A central Missouri woman who gave birth alone at home and didn’t seek medical attention before her baby died should not have been convicted of involuntary manslaughter, an appeals court ruled.

The Missouri Western District Court of Appeals overturned the conviction of 43-year-old Emily Usnick on Tuesday, saying in a unanimous opinion written by Judge Gary Witt that the state didn’t prove she acted recklessly or with criminal intent when her baby died in 2009, The Columbia Daily Tribune reported.

“Where even the experts were unable to determine within a reasonable degree of medical certainty a clear cause of death, we cannot say that a lay juror would be able to make a determination that this death was caused by a criminal act as opposed to natural causes,” Witt wrote.

Usnick was originally charged with second-degree murder but was convicted of involuntary manslaughter in July 2017. Prosecutors argued that she was guilty because she gave birth unattended, didn’t seek medical attention after the birth and put the body in a plastic bag.

An autopsy found that the baby girl had a “potentially lethal” dose of methamphetamine in her blood and liver. She died from a lack of oxygen, but the autopsy didn’t specify whether the baby drowned or if methamphetamine caused her death.

The case rested on the unusual question of whether giving birth without medical care can be the basis of a crime.

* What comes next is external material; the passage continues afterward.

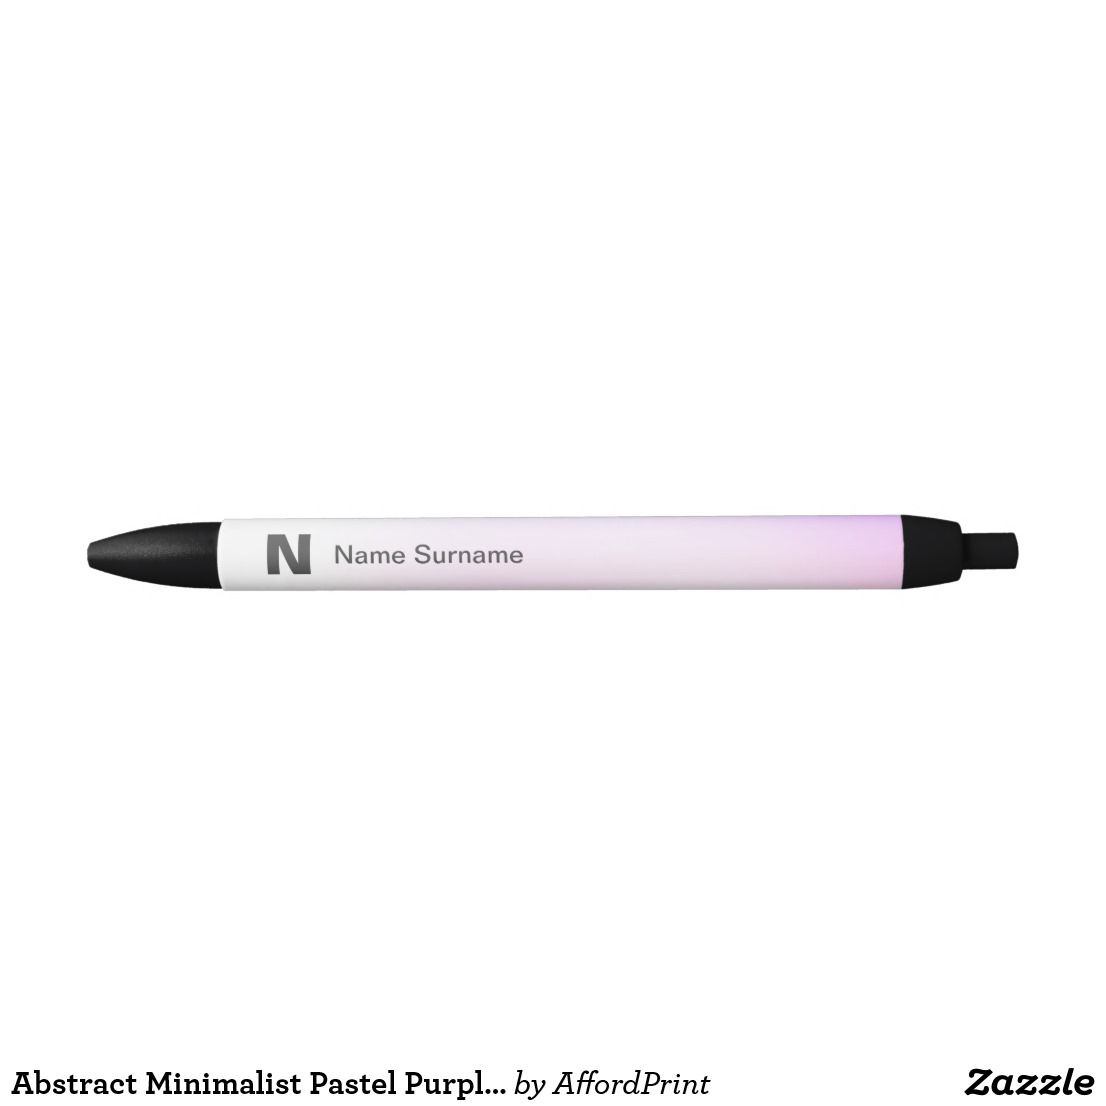 Abstract Minimalist Pastel Purple Pink Gra Nt Black Ink

“Usnick correctly argues (and the State does not contest) that there is no duty imposed on expectant mothers to have a medically attended birth, at the risk of criminal prosecution,” Witt wrote.

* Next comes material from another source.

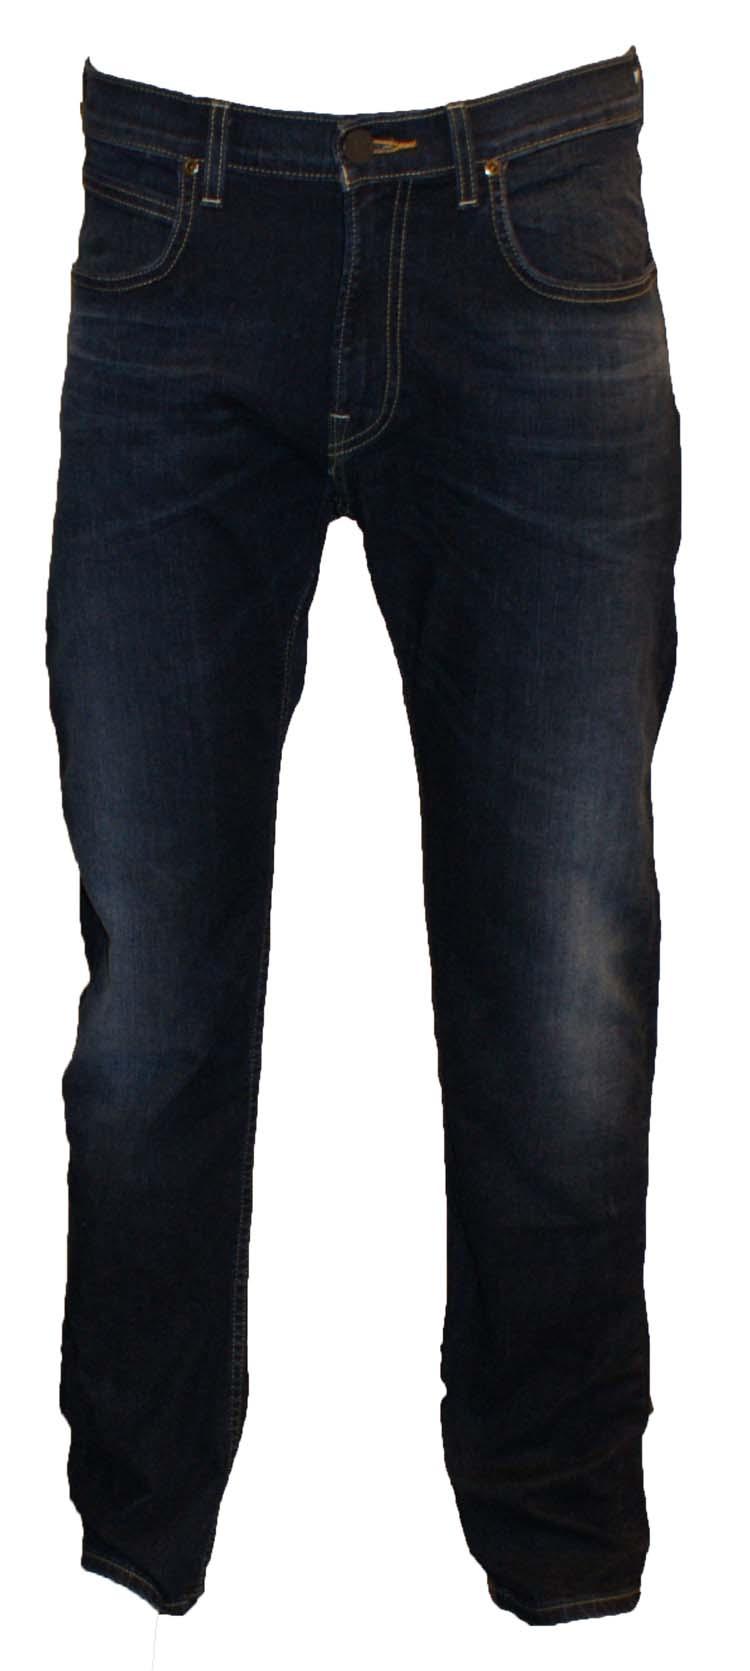 "Lee stretch jeans "" Blake "" Ultra dark used"

In the statement of facts in the case, Witt wrote that Usnick was alone when her water broke and she delivered the baby into a toilet. After delivering the placenta, she told investigators, it took her several minutes to recover from the shock before she picked up the baby.

Usnick said in a statement to investigators that she “was so scared” because the baby wasn’t moving or breathing. She eventually put the baby’s body in a plastic bag and put it in the car trunk. Although an autopsy concluded the baby was alive when it was born, prosecutors did not argue that Usnick had drowned the child.

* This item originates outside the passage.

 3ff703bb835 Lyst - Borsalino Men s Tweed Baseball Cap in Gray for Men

The baby’s body was found when officers conducted a drug raid at Usnick’s home in St. Elizabeth. Investigators found large amounts of methamphetamine in the house and Usnick admitted that she had smoked methamphetamine and marijuana the night before giving birth.

Witt wrote that Usnick said she didn’t seek medical attention because her car was broken down, she didn’t have minutes on her cellphone to call for help and, even if she had minutes, cell service was inconsistent at the house.

Prosecutors presented evidence at trial that Usnick sent text messages the evening of the birth and an ambulance substation was three-quarters of a mile away.

Phillip Zeeck, one of Usnick’s attorneys, said in an email to the newspaper Tuesday that the defense argument in its court briefs was its statement on the case.

“Emily’s unattended birth was not recklessness; it was beyond her control,” the brief states. “She did not choose to go into labor when no one else was home. This argument effectively criminalizes having an unattended birth.”

Usnick was sentenced to five years in prison for the involuntary manslaughter conviction and a concurrent five-year sentence for drug possession. She didn’t appeal her drug conviction and is still in prison.

The state Attorney General’s Office, which handled the appeal, did not immediately respond to a request for comment.